The Cube's building process cuts carbon emissions by up to 50 percent.

Researchers from the Technical University of Dresden alongside experts from German architecture firm Henn are developing the world's first carbon concrete building, a report from Dezeen explains. The team behind the project will use a novel method to reinforce the building's concrete with carbon fibers rather than steel rods, as part of a German Federal Ministry of Education and Research-funded research project aimed at developing construction innovations called "C³ - Carbon Concrete Composite".

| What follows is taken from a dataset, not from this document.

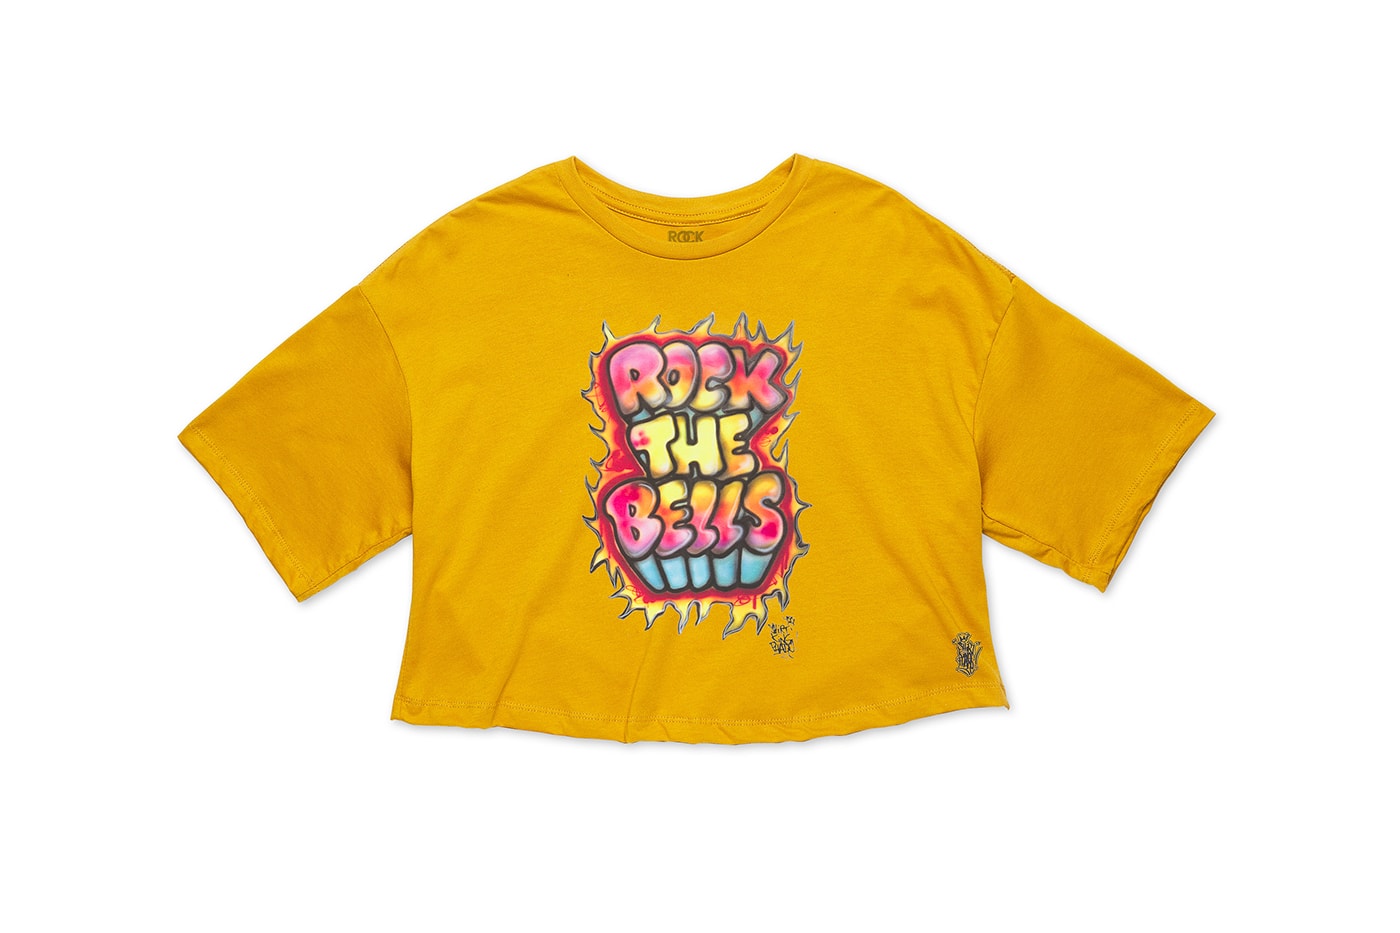 Shirt King Phade x Rock the Bells Graffiti Streetwear Capsule t-shirts bubble airbrush prints ll cool j hip-hop street style drop info

Reducing construction CO2 emissions by up to 50%

The building, dubbed The Cube, is currently under construction at the TU Dresden University campus. Henn says that its carbon concrete material is four times stronger than traditional concrete at the same time as being four times lighter, due to the reduced requirement for extra structural sections.

The newly developed carbon concrete allows for the same structural strength while using far less concrete. "With this new building material, the light yet robust carbon fibers allow for flexible and resource-saving construction. The conversion to this innovative material can reduce CO2 emissions from construction up to 50%," Henn explains on its website.

A 'radical rethinking' of architecture

Specifically, the concrete used for The Cube will be strengthened with carbon fiber yarn, which is made by extracting almost pure carbon crystals via a process of thermal decomposition known as pyrolysis. The yarn is then woven into a mesh that the concrete is poured onto before setting. As the carbon fiber doesn't rust, the carbon concrete is also more durable over a longer period than steel rod-strengthened concrete. As structures can be much thinner due to the lack of steel rods — which often require more thickness to prevent water penetration — Henn says that this will enable "a future architecture where environmentally conscious design is paired with formal freedom and radical rethinking of the most basic architectural elements."

As such, The Cube will feature a roof that folds to become a wall as well, allowing wall and roof to "functionally merge into one another as an organic continuum," Henn says. Such projects are opening up not only a new form of architectural design but also a method for construction that causes much less damage to the environment.